There are things on your list that in fact a carer could do rather than you. If your father is going to be self-funding then you can use your power of attorney to organise private care yourself. The carers my mother-in-law had did many of the things you're talking about on the list from washing the bedding ,laundry ,preparing meals prompting medication . You can redirect the post using power of attorney under the Post Offices section of special circumstances . This will keep you in control and reduce your father's suspicions. Personally I wouldn't discuss having carers in or any other support for that matter with your father . The default answer for people with dementia is always going to be no . As far as my mother-in-law was concerned she could do everything herself although the reality was she could do little for herself. Just arrange the support. You need to step back by taking him everywhere you go you are making a rod for your own back. I'm sorry if that sounds a little blunt but my own experiences with my mother-in-law tell me that eventually your father may be clingy and demanding and require your presence all of the time. There's the possibility of day centres for him or even a befriending service to come and sit with him and keep him occupied.

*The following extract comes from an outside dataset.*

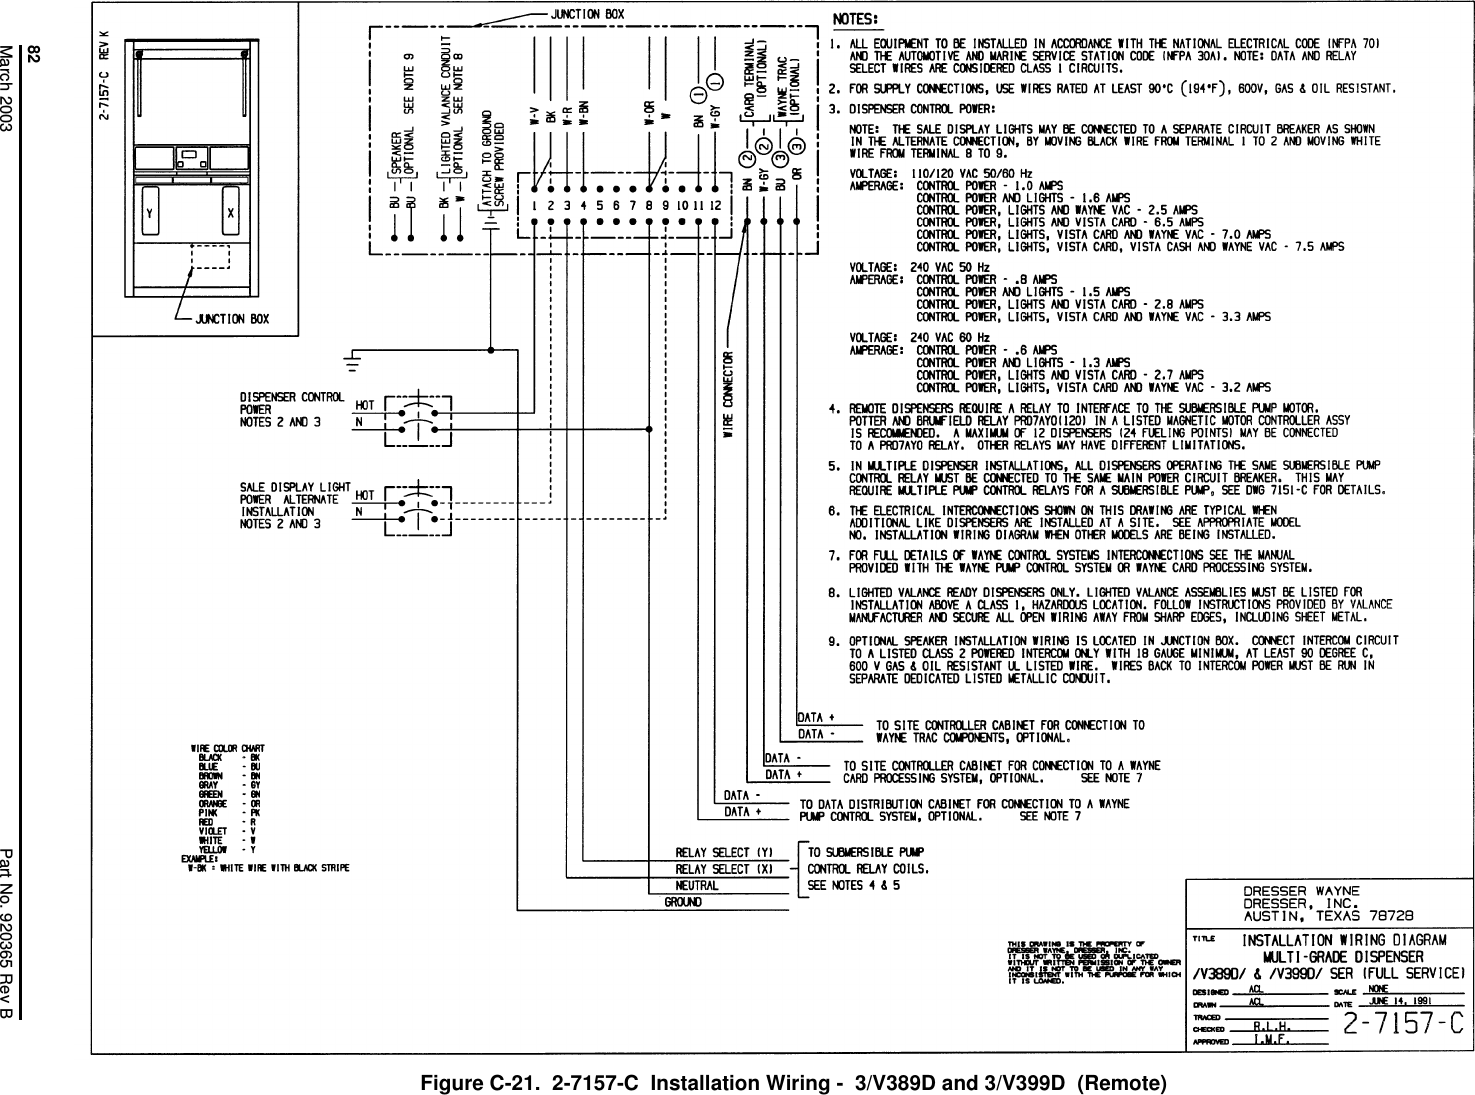 82March 2003 Part No. 920365 Rev BFigure C-21.  2-7157-C  Installation Wiring -  3/V389D and 3/V399D  (Remote)

Of course if SS are going to be funding, they may have different views . You can always ask for a reassessment. All the time you're doing everything, social services won't see the need to help. If your dad didn't have anyone to assist, social services would have to sort it out
 
Last edited:

canary

Registered User
Feb 25, 2014
25,081
0
South coast
I think it sounds like you do a lot for your dad. You do not have to be a "hands on" carer to make sure that he is OK. You do not have to do everything yourself. So long as you can cope with the level of care that you are presently giving, then carry on - just get someone else in to do the rest. its probably time for a new assessment because things have changed considerably.

Think about what would be helpful to you. Things that you could ask for are:
A carer to come and help him get showered and dressed in the morning
Someone to do his laundry, and/or cook a simple meal (usually microwave ready meal), supervise medication
Day centre, which most people with dementia enjoy, even though they may initially refuse it, which gives mental stimulation and social contact.

In addition you could hire a cleaner in who would also change bedding (I have someone from Age UK)
Many charities (like Crossroads) offer befrienders - in my area there is a waiting list, though.

The biggest problem, of course, is getting your dad to agree. If he doesnt agree then Social Services will not insist, they will just accept what he says. If you are self-funding, of course, you can just go ahead and arrange help yourself.
I think day care though, needs a referral from the SW - at least it does in my area.

By the way - ignore "helpful" relatives who are quick to tell you what to do and slow to offer any actual help. If they are persistant, try saying "Oh what a good idea - when can you come and do it?" You wont hear anything for a while!